Task details:
Your answer must be the listing repeated word for word, without its pictures.

Recorded data: Begin

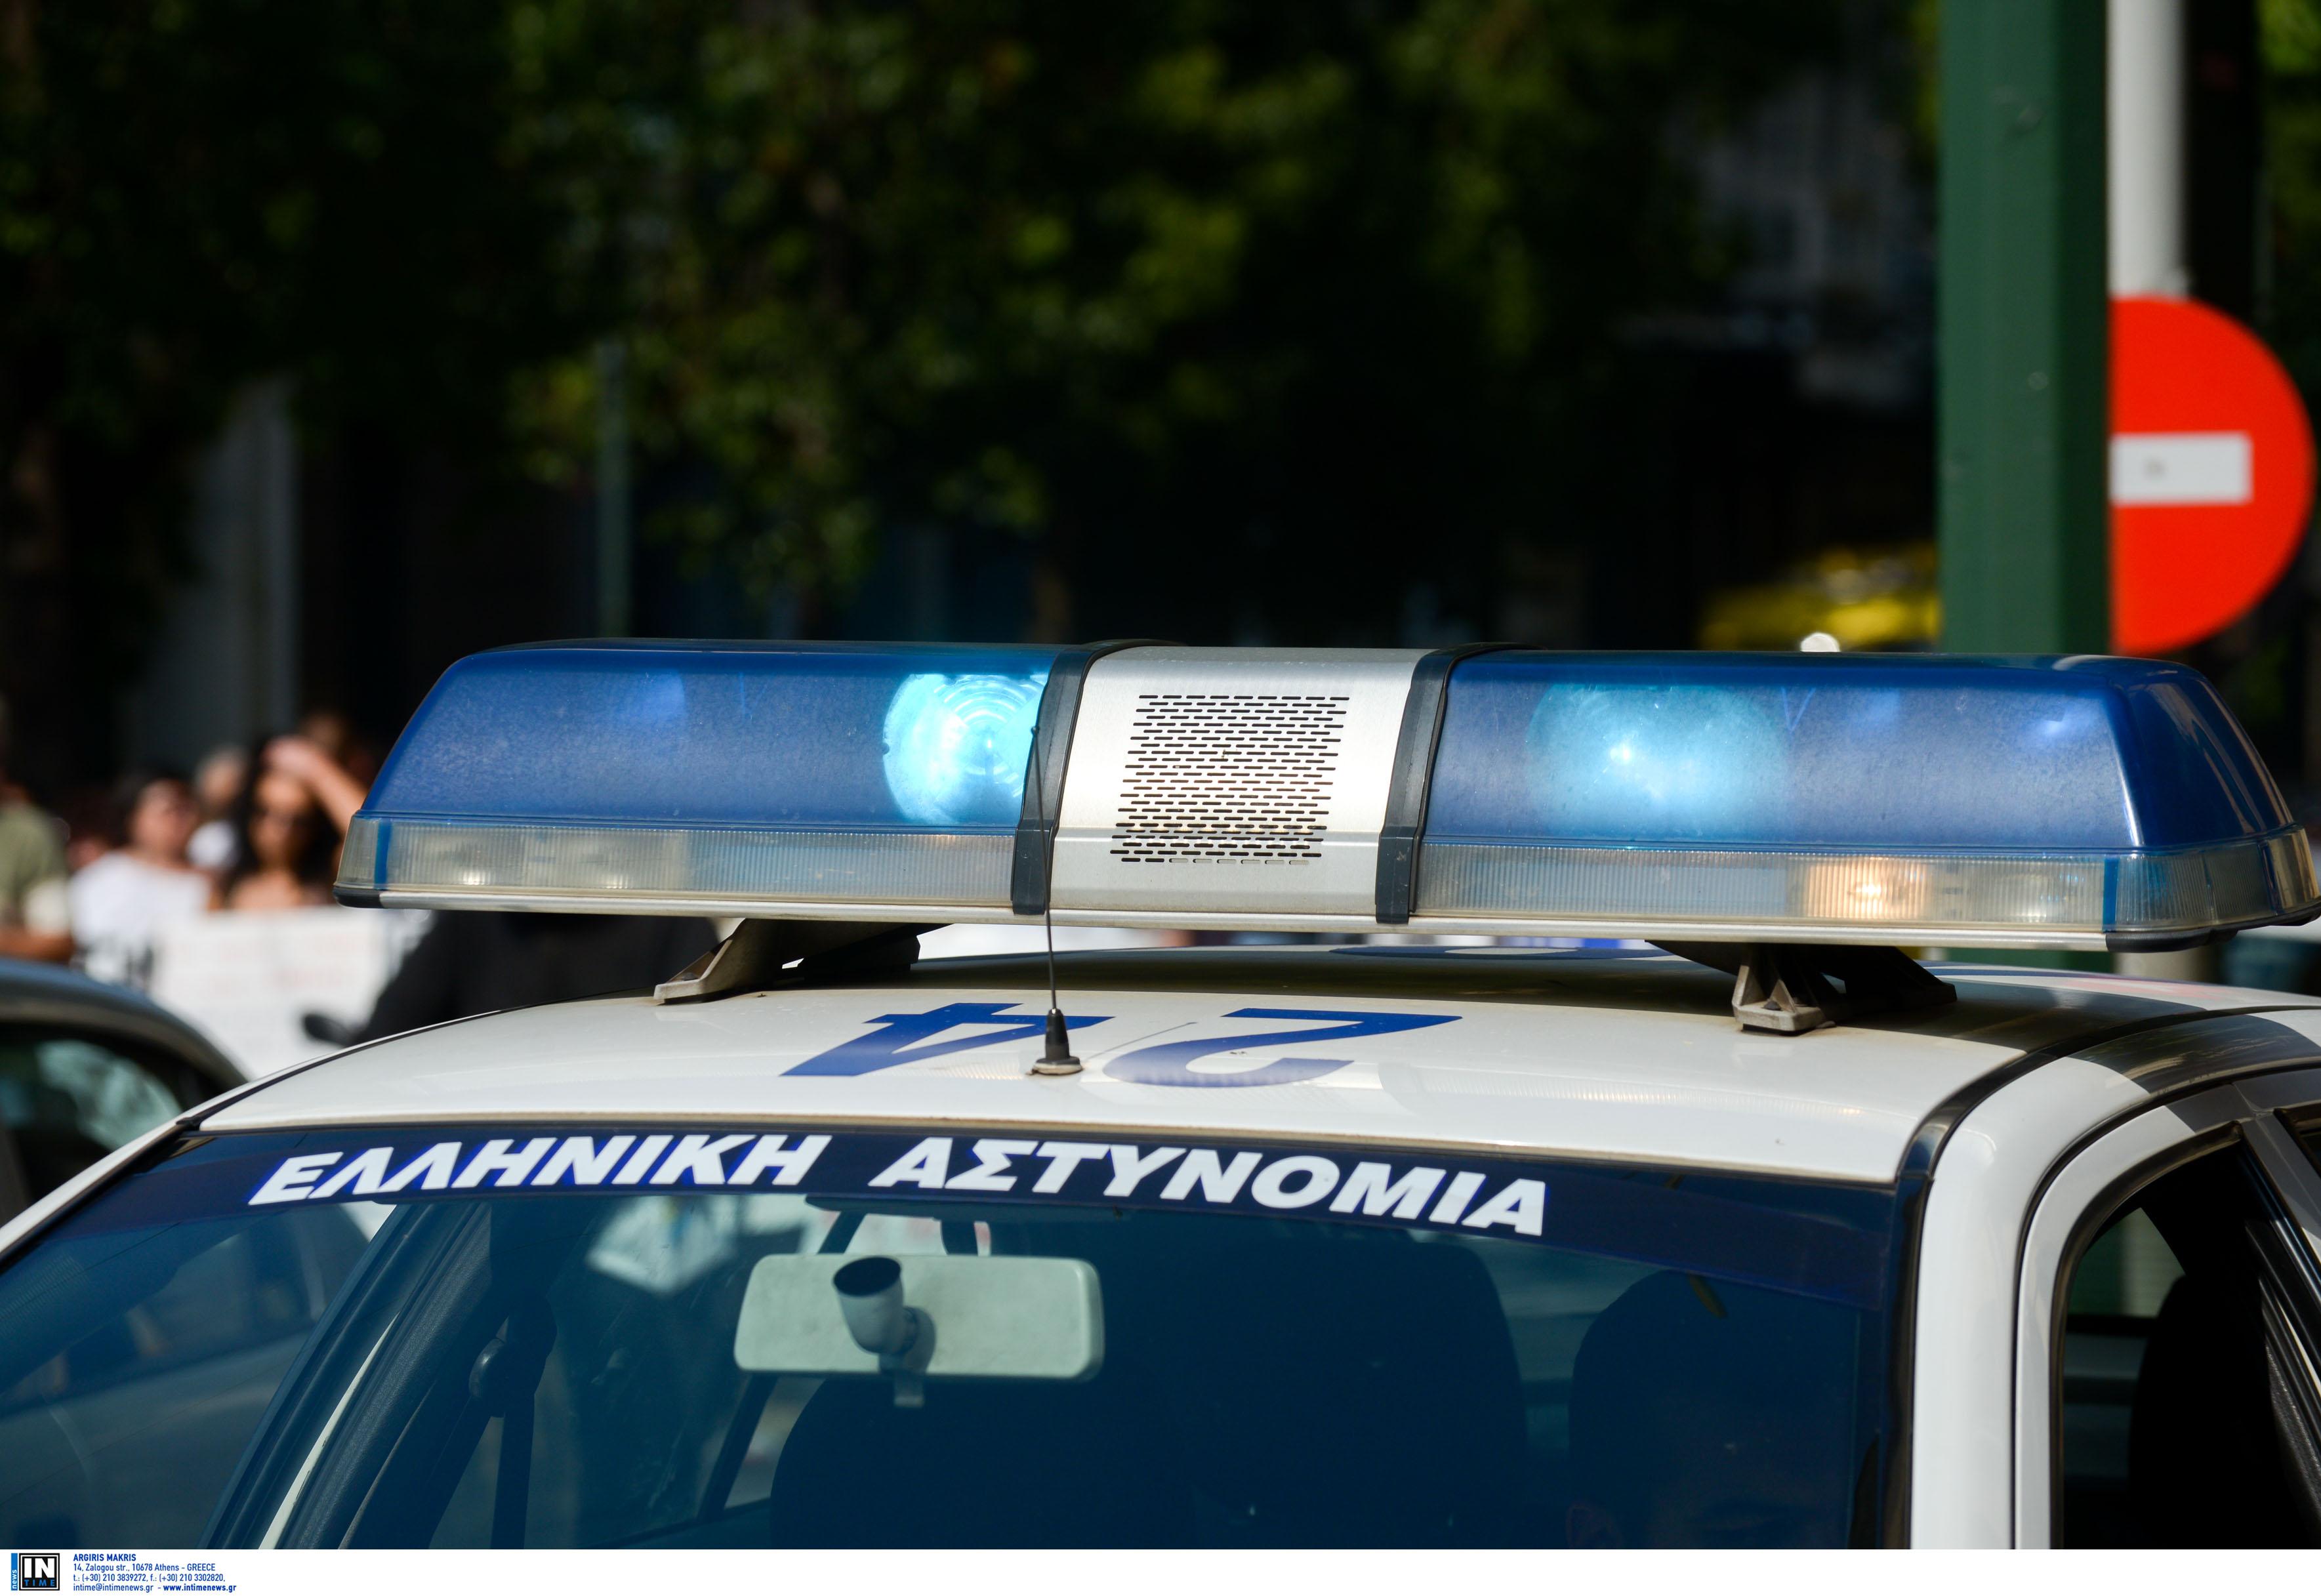 """Ηγουμενίτσα: Ο σκύλος """"ξετρύπωσε"""" δέκα κιλά ναρκωτικά από το σασί του αυτοκινήτου"""
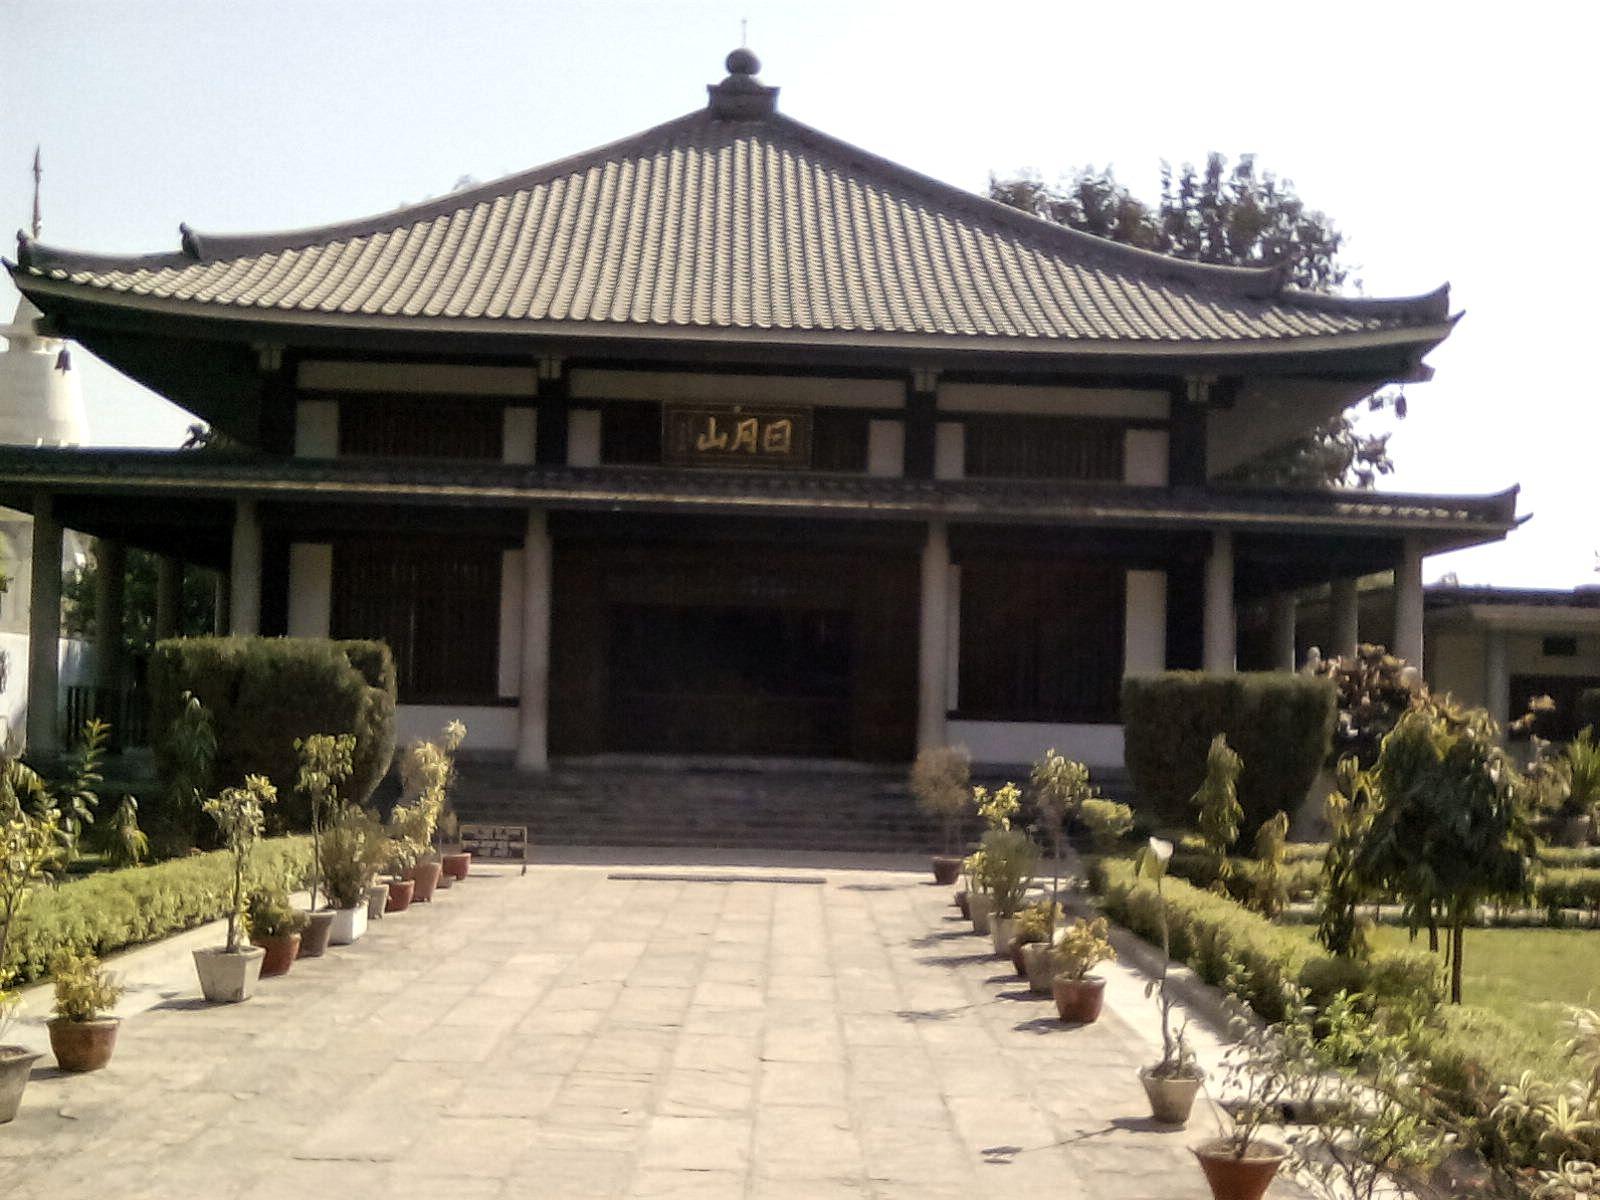 D coration bouddhiste id e inspirante pour for Decoration habitat
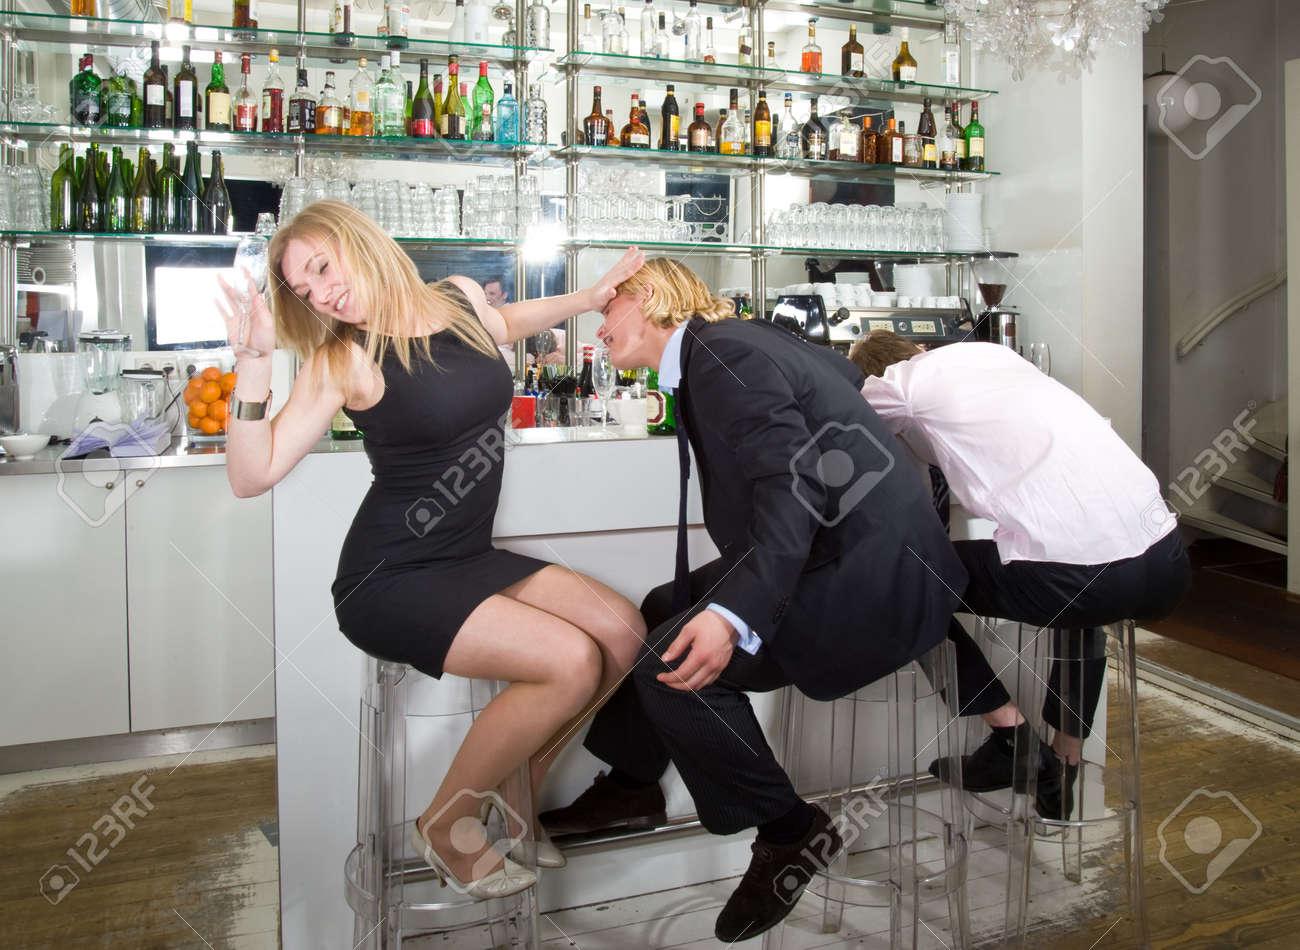 Фото пьяных девчонок в барах 25 фотография
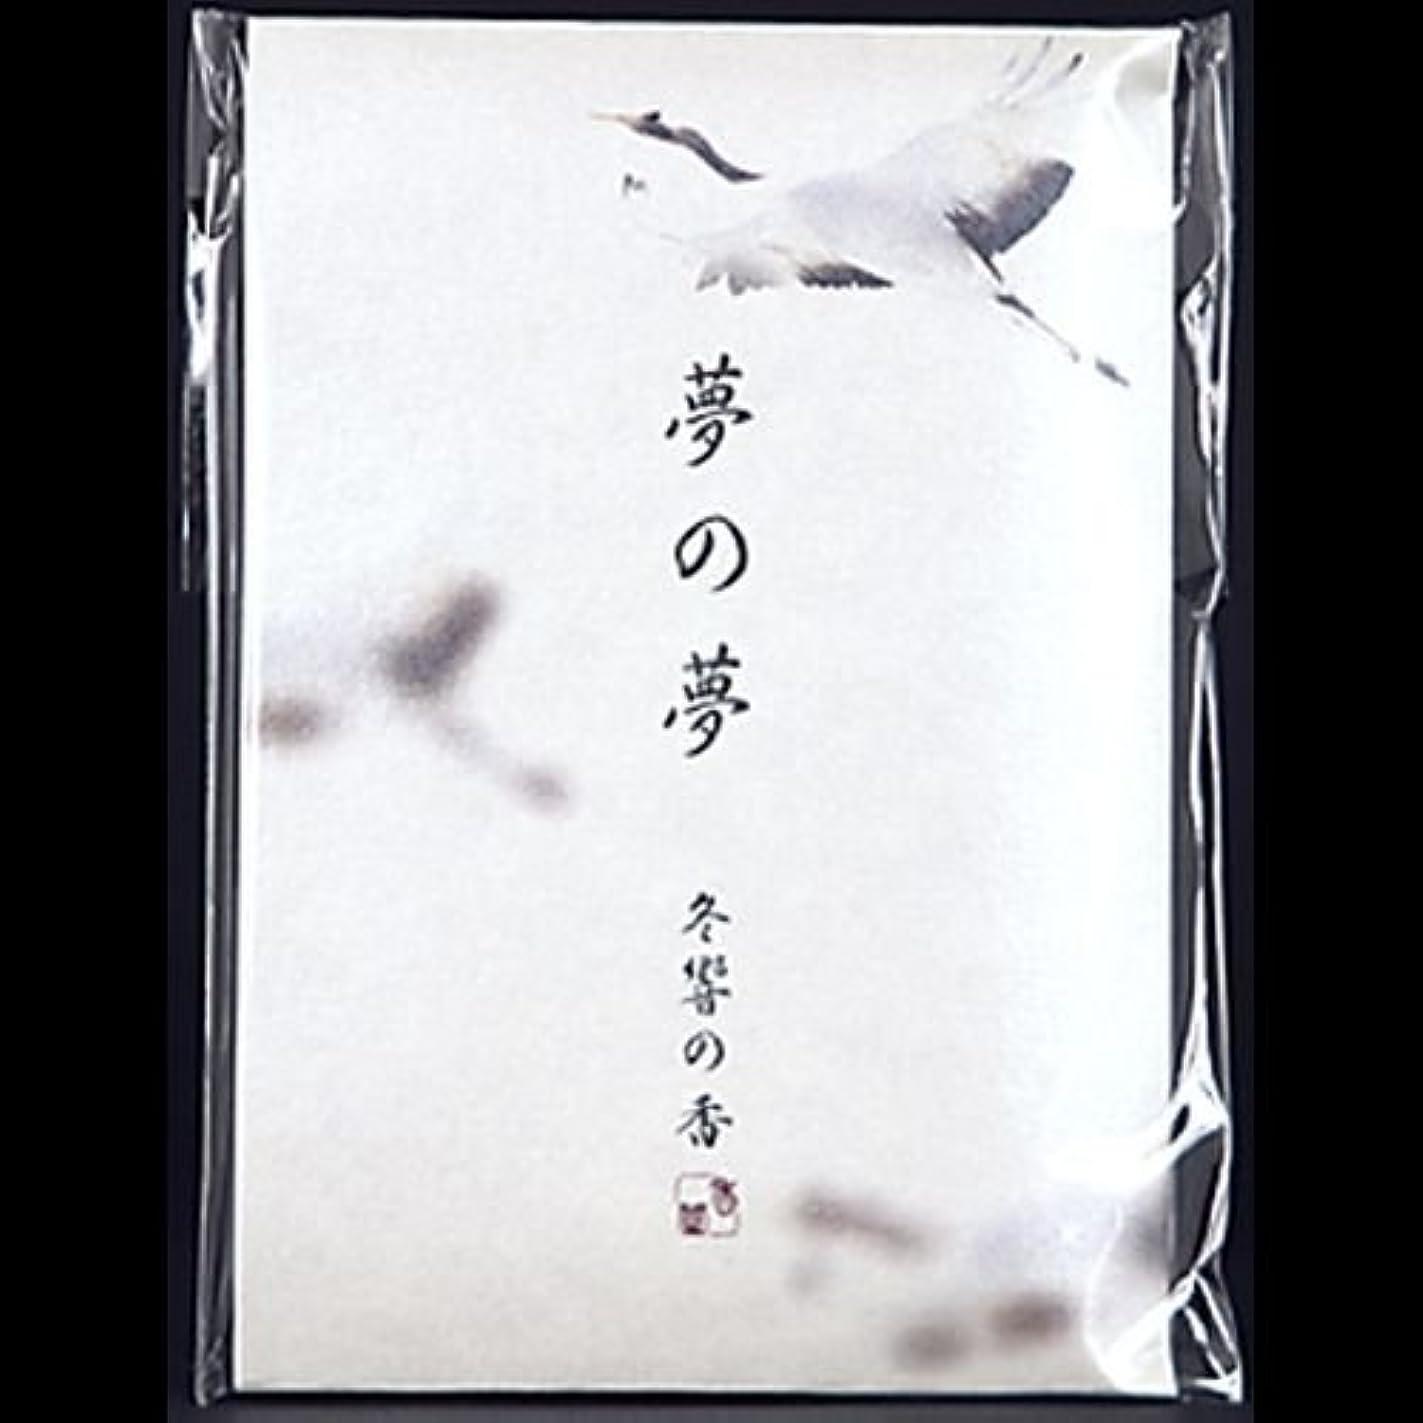 【まとめ買い】夢の夢 冬響の香 (鶴) スティック12本入 ×2セット

Recorded data: End

Exercise answer:
 """Ηγουμενίτσα: Ο σκύλος """"ξετρύπωσε"""" δέκα κιλά ναρκωτικά από το σασί του αυτοκινήτου"""
 D coration bouddhiste id e inspirante pour for Decoration habitat
 Фото пьяных девчонок в барах 25 фотография
 【まとめ買い】夢の夢 冬響の香 (鶴) スティック12本入 ×2セット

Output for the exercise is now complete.